Building Sentence Meaning Identification Dataset Based on Social Problem-Solving R&D Reports (사회문제 해결 연구보고서 기반 문장 의미 식별 데이터셋 구축)

  • Hyeonho Shin;Seonki Jeong;Hong-Woo Chun;Lee-Nam Kwon;Jae-Min Lee;Kanghee Park;Sung-Pil Choi
    • KIPS Transactions on Software and Data Engineering
    • /
    • v.12 no.4
    • /
    • pp.159-172
    • /
    • 2023
  • In general, social problem-solving research aims to create important social value by offering meaningful answers to various social pending issues using scientific technologies. Not surprisingly, however, although numerous and extensive research attempts have been made to alleviate the social problems and issues in nation-wide, we still have many important social challenges and works to be done. In order to facilitate the entire process of the social problem-solving research and maximize its efficacy, it is vital to clearly identify and grasp the important and pressing problems to be focused upon. It is understandable for the problem discovery step to be drastically improved if current social issues can be automatically identified from existing R&D resources such as technical reports and articles. This paper introduces a comprehensive dataset which is essential to build a machine learning model for automatically detecting the social problems and solutions in various national research reports. Initially, we collected a total of 700 research reports regarding social problems and issues.
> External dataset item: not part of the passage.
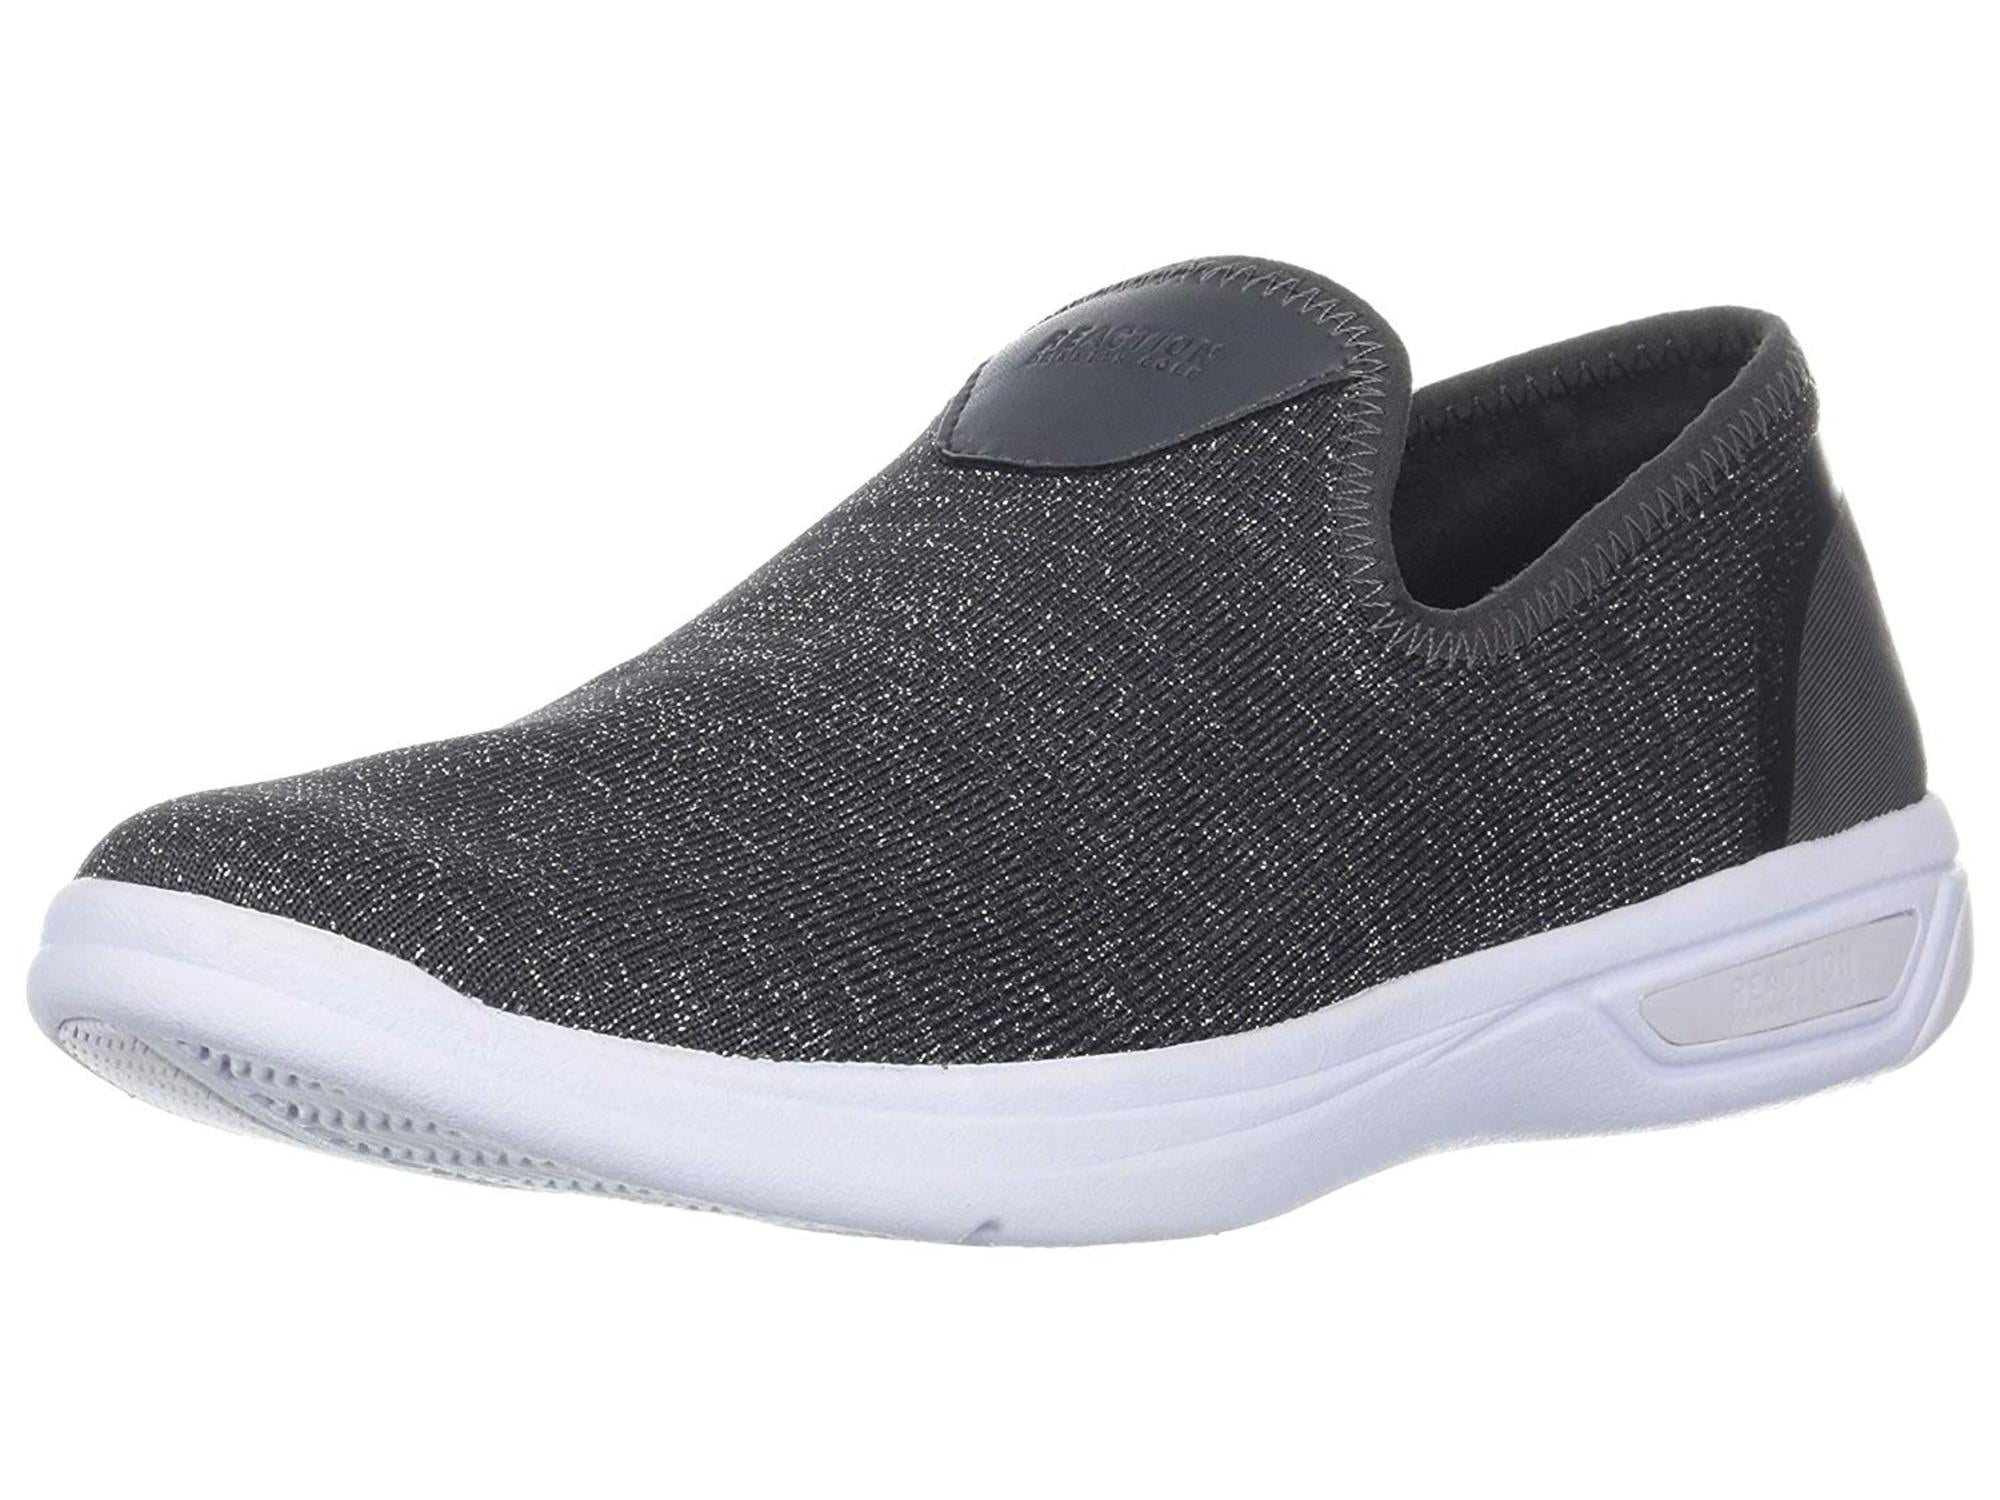 Kenneth Cole Reaction Womens The Ready Sneaker Fabric Low Top Slip On ...

Through intensive annotation process, we built totally 24,022 sentences each of which possesses its own category or label closely related to social problem-solving such as problems, purposes, solutions, effects and so on. Furthermore, we implemented four sentence classification models based on various neural language models and conducted a series of performance experiments using our dataset. As a result of the experiment, the model fine-tuned to the KLUE-BERT pre-trained language model showed the best performance with an accuracy of 75.853% and an F1 score of 63.503%.